**MATERIAL TO PROCESS:**
:::::

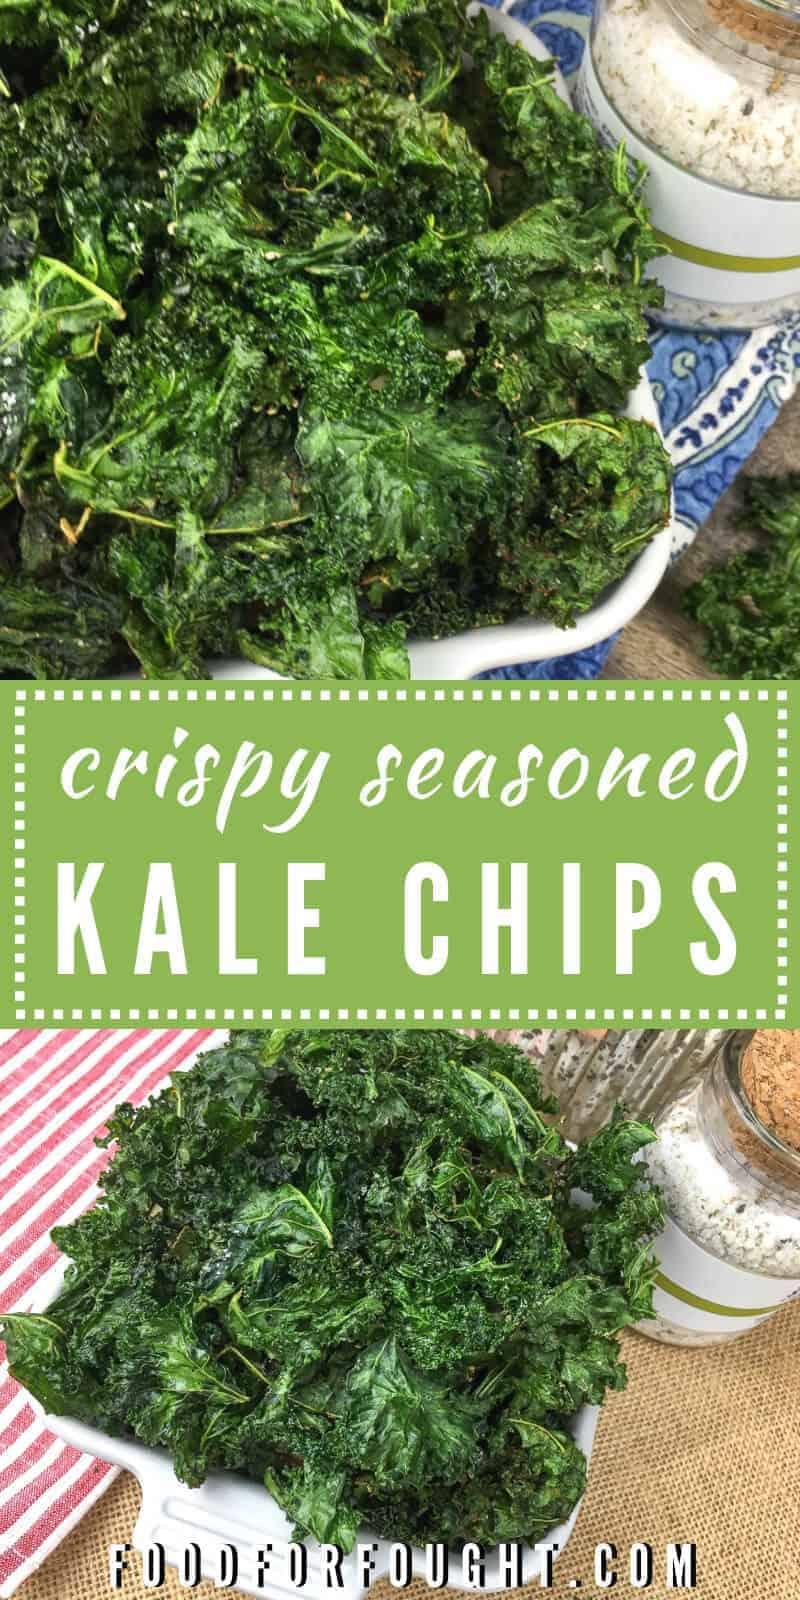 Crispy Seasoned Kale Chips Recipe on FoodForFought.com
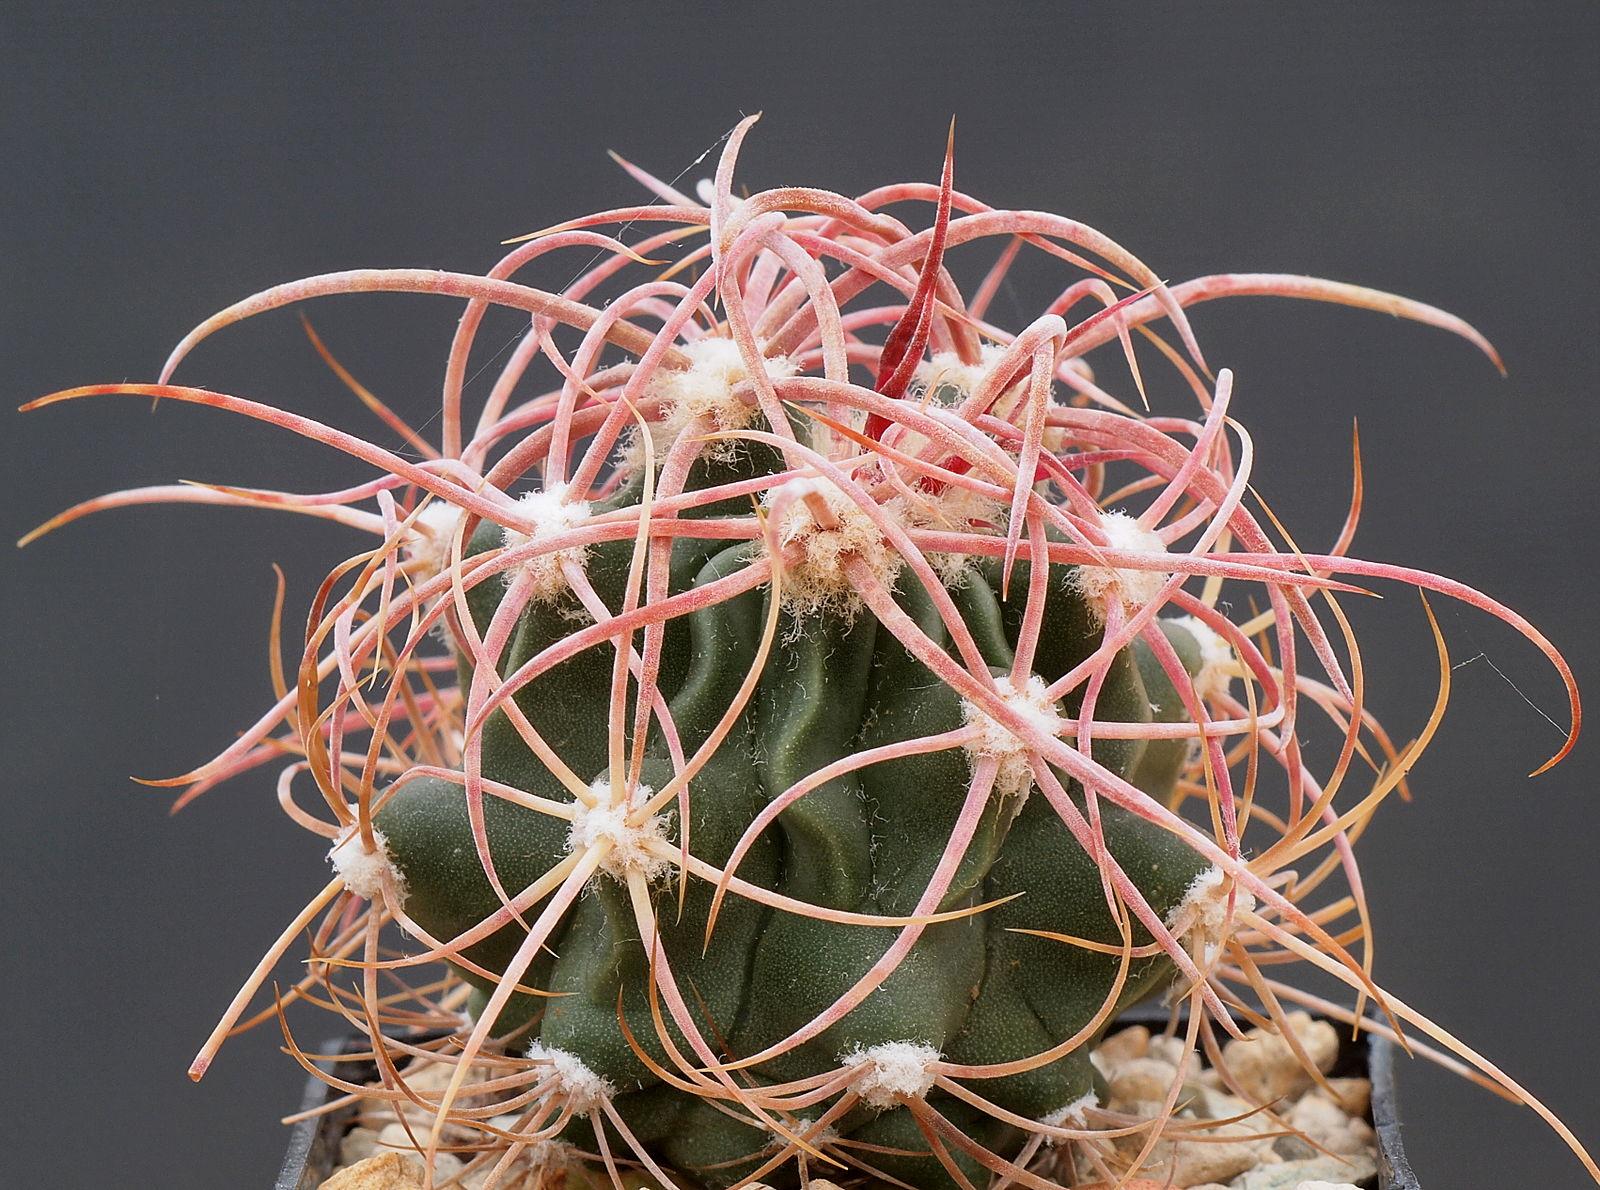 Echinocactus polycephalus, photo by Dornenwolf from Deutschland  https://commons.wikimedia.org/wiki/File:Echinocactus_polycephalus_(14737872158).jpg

:::::

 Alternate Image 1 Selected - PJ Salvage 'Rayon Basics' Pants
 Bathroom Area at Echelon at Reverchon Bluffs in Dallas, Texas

:::::

**WORK TO COMPLETE:**
Repeat, without pictures, exactly the lines of the data above from the one containing "Crispy Seasoned Kale" through the one containing "Echinocactus polycephalus, photo", including both and adding nothing.

**SOLUTION BELOW:**
 Crispy Seasoned Kale Chips Recipe on FoodForFought.com
 Echinocactus polycephalus, photo by Dornenwolf from Deutschland  https://commons.wikimedia.org/wiki/File:Echinocactus_polycephalus_(14737872158).jpg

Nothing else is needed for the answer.